Monopoly damage extends beyond chickenization: it has destroyed journalism, especially local journalism. Twenty years ago, there were lots of local newspapers. Many operated on a shoe string, funded by local business ads, reporting police blotter of course, but also misdeeds by local officials and bigwigs. The local businesses are now mostly gone, rolled up by chains. Remaining advertising dollars now go to precision-targeted ads on Amazon or Google or Facebook. (When I looked up cotton T-shirts on llbean.com on my desktop, and then picked up my cell, up popped H&M T-shirts.)
Big corporate monopolists’ roll-up of small businesses has also weakened a major source of support for Black activism: Black-owned businesses and Black business associations. It was indeed Black business persons who led and helped fund the desegregation efforts of the 1960s. Growing monopolization also explains the wage mystery that so long baffled most economists: Until forty years ago, wages and productivity rose together. Then, as productivity continued to rise, wages stagnated.
Worst of all, flush with monopoly profits, large corporate PACs increasingly control politics. Teachout reports that when she ran for Congress in New York’s 16th district in 2016, her real opponent wasn’t Republican John Faso, who won.

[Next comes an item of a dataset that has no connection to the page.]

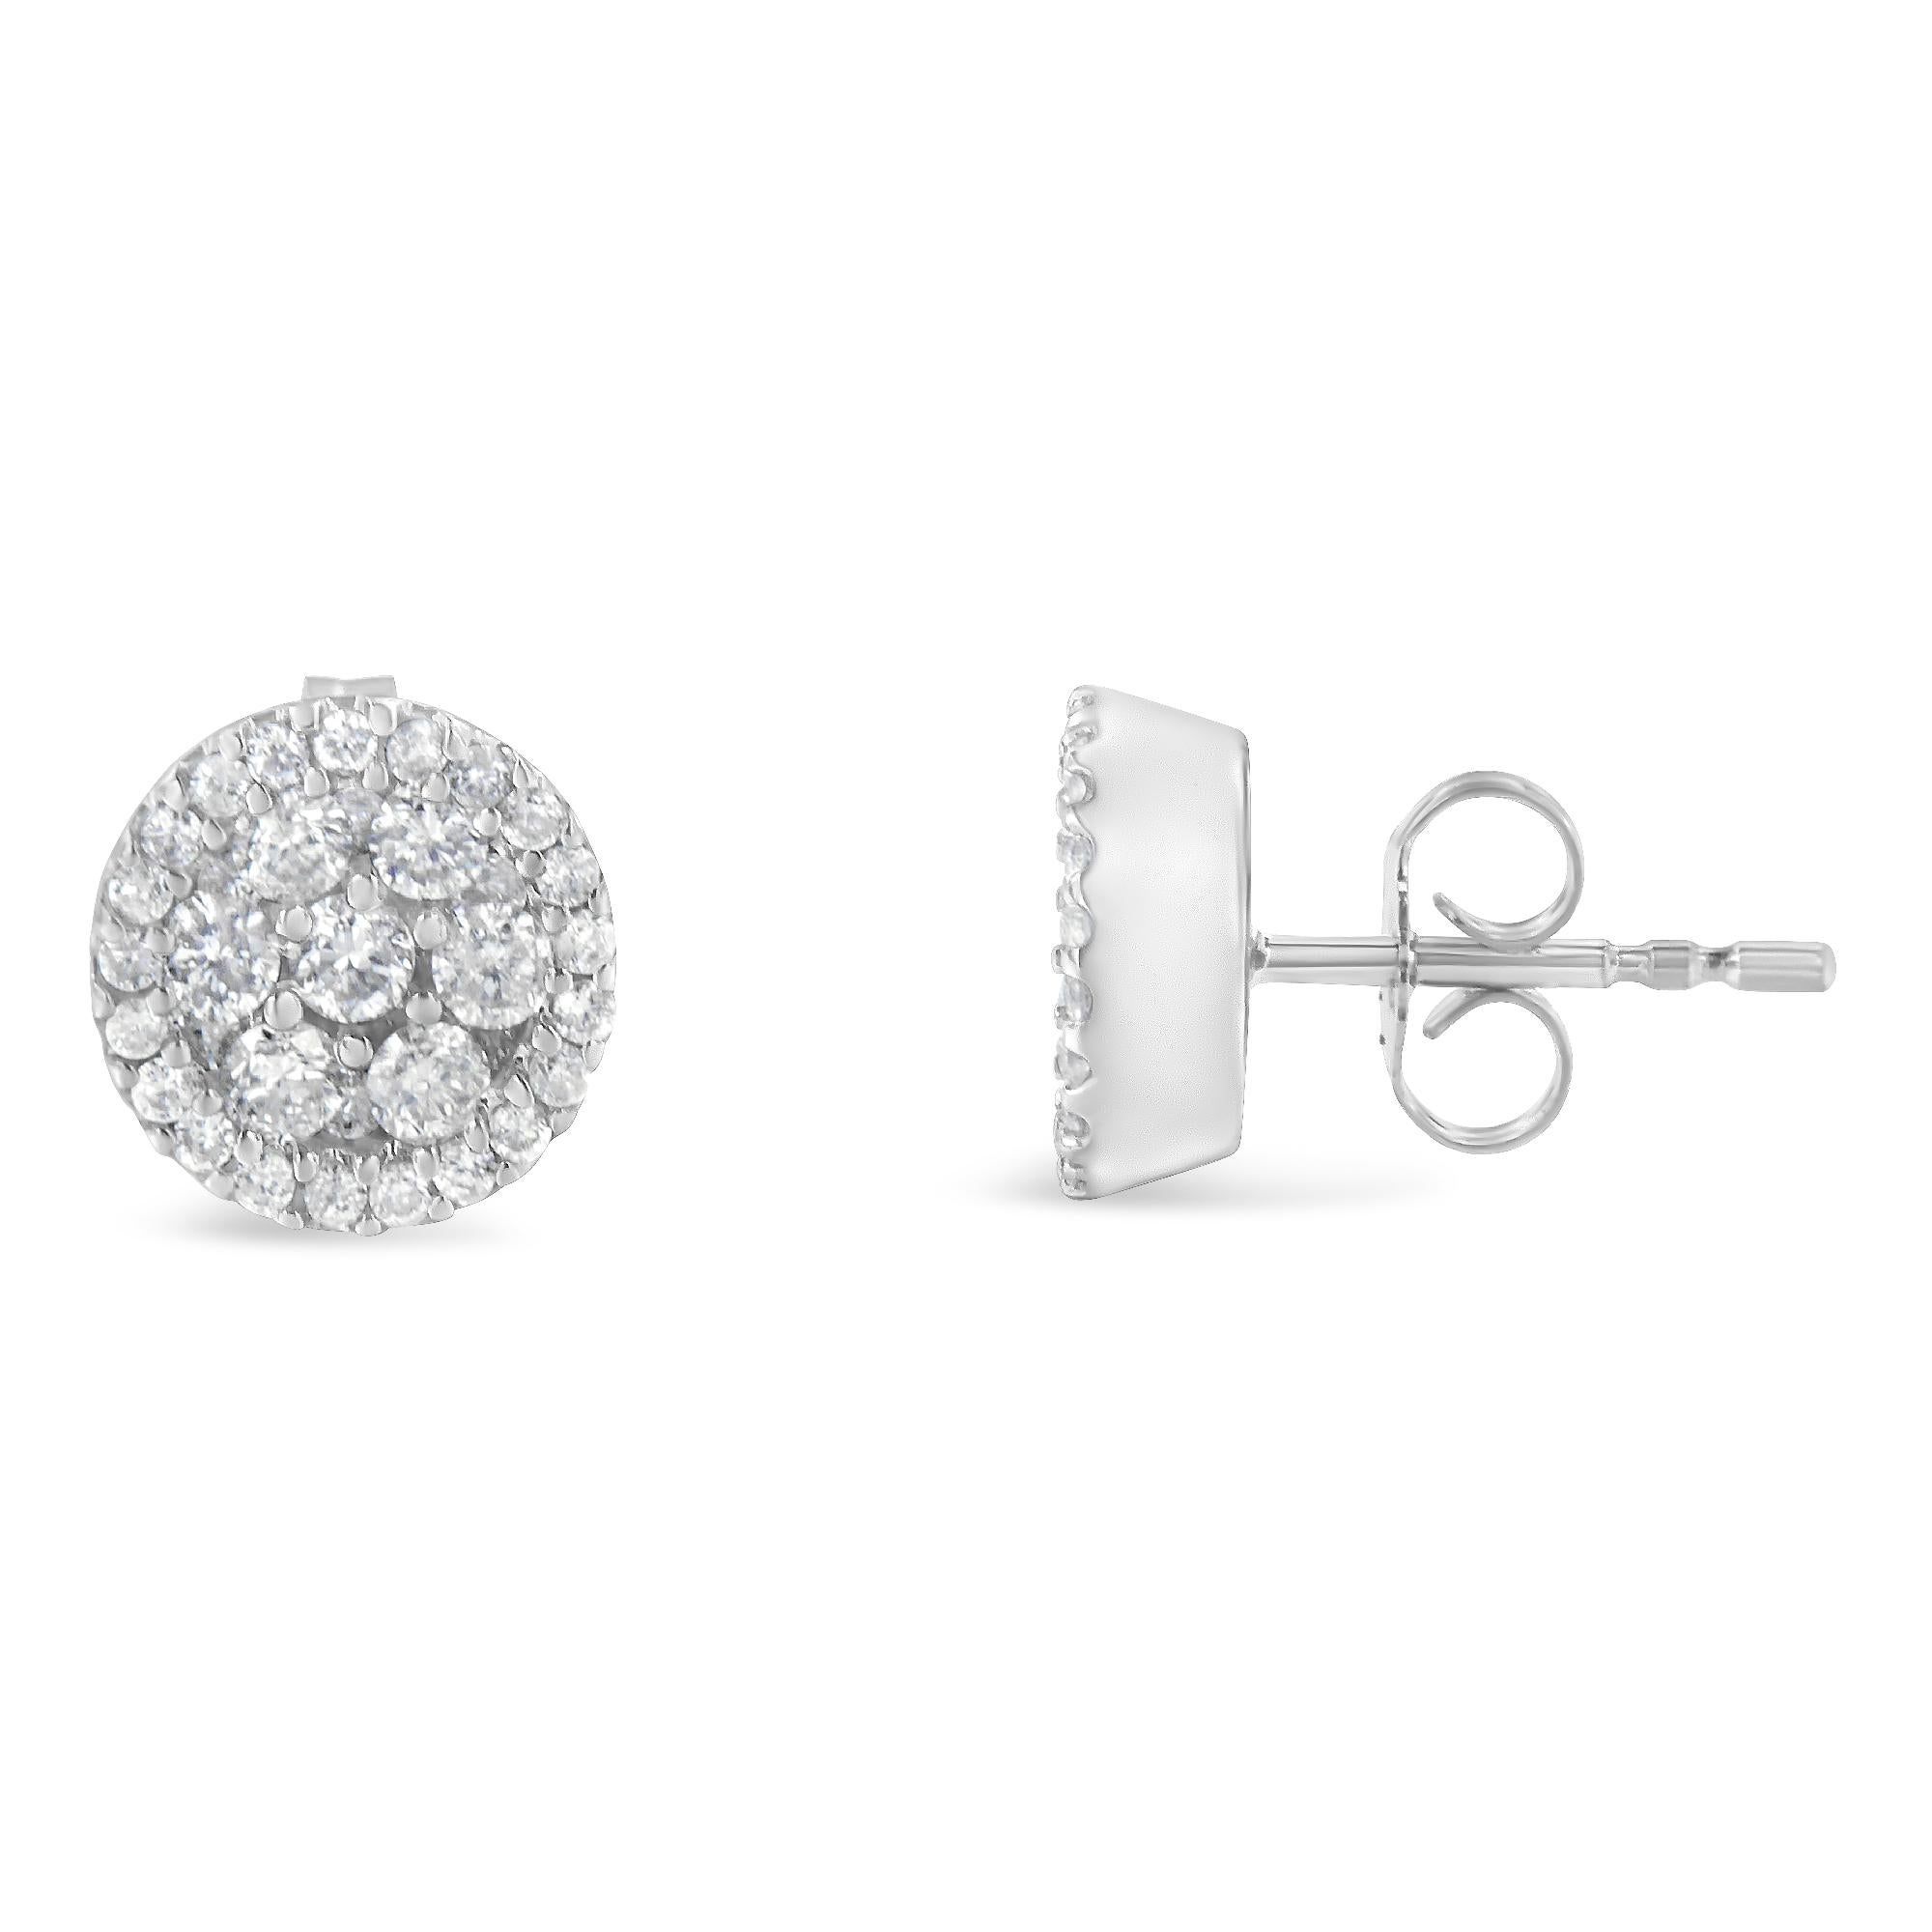 Elegant and timeless, these 14K white gold stud earrings feature round, brilliant cut diamonds in a halo style button shape. The earrings have three circular rows of diamonds with your choice of either ½ or 1.0 carat total weight worth of diamonds.

Rather, she was massively outspent by mystery PACs who even used a body double—a woman who looked and dressed like her—to misrepresent her agenda.

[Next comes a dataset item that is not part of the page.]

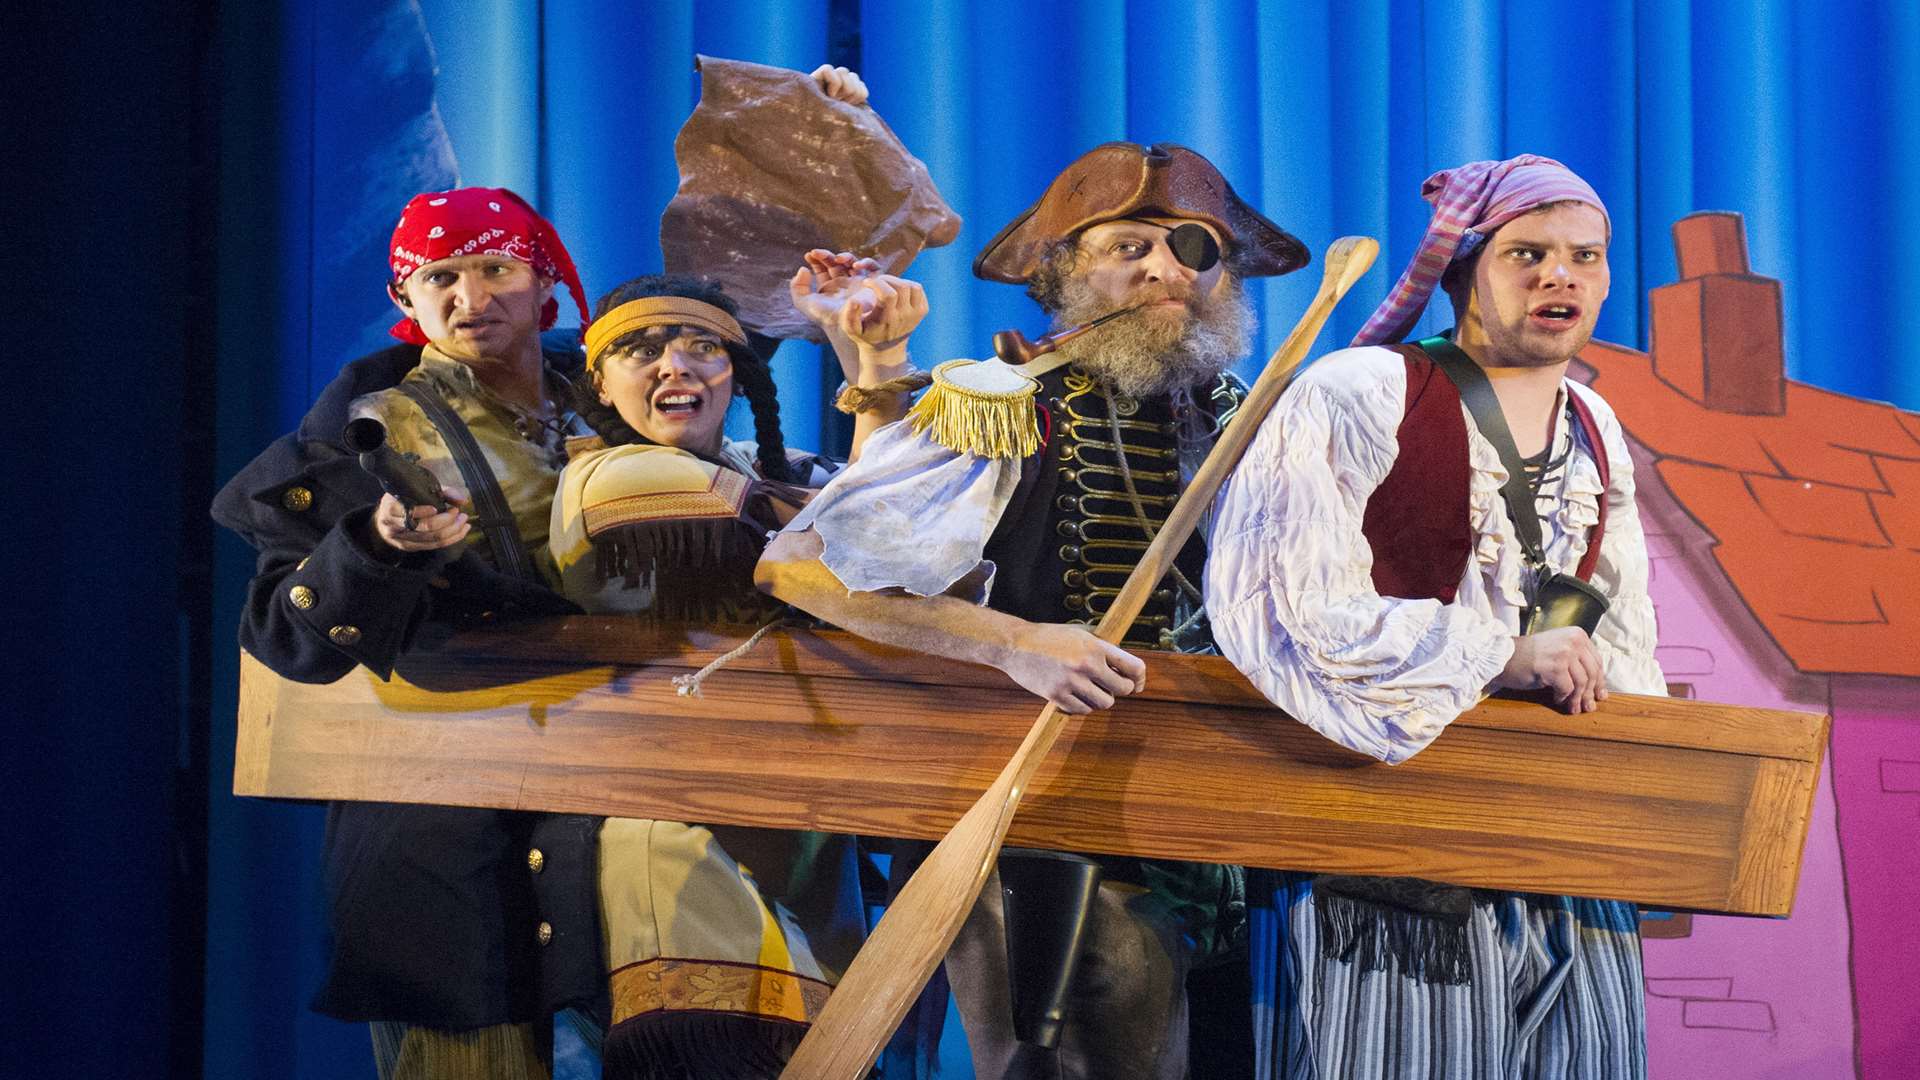 James Marlowe, Naomi Sheldon, Cornelius Booth and Harry Kershaw as the pirates in Peter Pan Goes Wrong

To defeat monopoly, we must BREAK ‘EM UP, conceptually simple, but politically unattainable without a mass movement. During the New Deal, FDR successfully used old anti-trust laws like the 1890 Sherman Antitrust Act and the 1914 Clayton Antitrust Act and new laws like the 1932 Glass-Steagall Banking Act to break up monopolies and shrink the power of finance. But starting with the Reagan Administration in the 1980s, and continuing under Democratic administrations, enforcement slowly ground to a halt. Bill Clinton eagerly presided over the repeal of Glass-Steagall. We need new laws too, reforming campaign finance, raising taxes on the wealthy, and banning the secret information-gathering that sent me a plague of T-shirts.
In 2009, journalist Barry Lynn sounded a lonely alarm with Cornered: The New Monopoly Capital. Ten years later, Barry and the daughters and sons of Barry—Zephyr Teachout, Lina Khan, Matt Stoller, David Dayen, Gilad Edelman, Franklin Foer, Phillip Longman, Tim Wu and so many others—have captured the progressive wing of the Democratic Party, including Senators Elizabeth Warren and Bernie Sanders and the redoubtable Congresswoman Alexandria Ocasio-Cortez. If the senator from the Corporate State of Delaware triumphs in November, progressives will drag him to an aggressive new New Deal.
Originally posted to Dollars and Sense blog, September, 2020.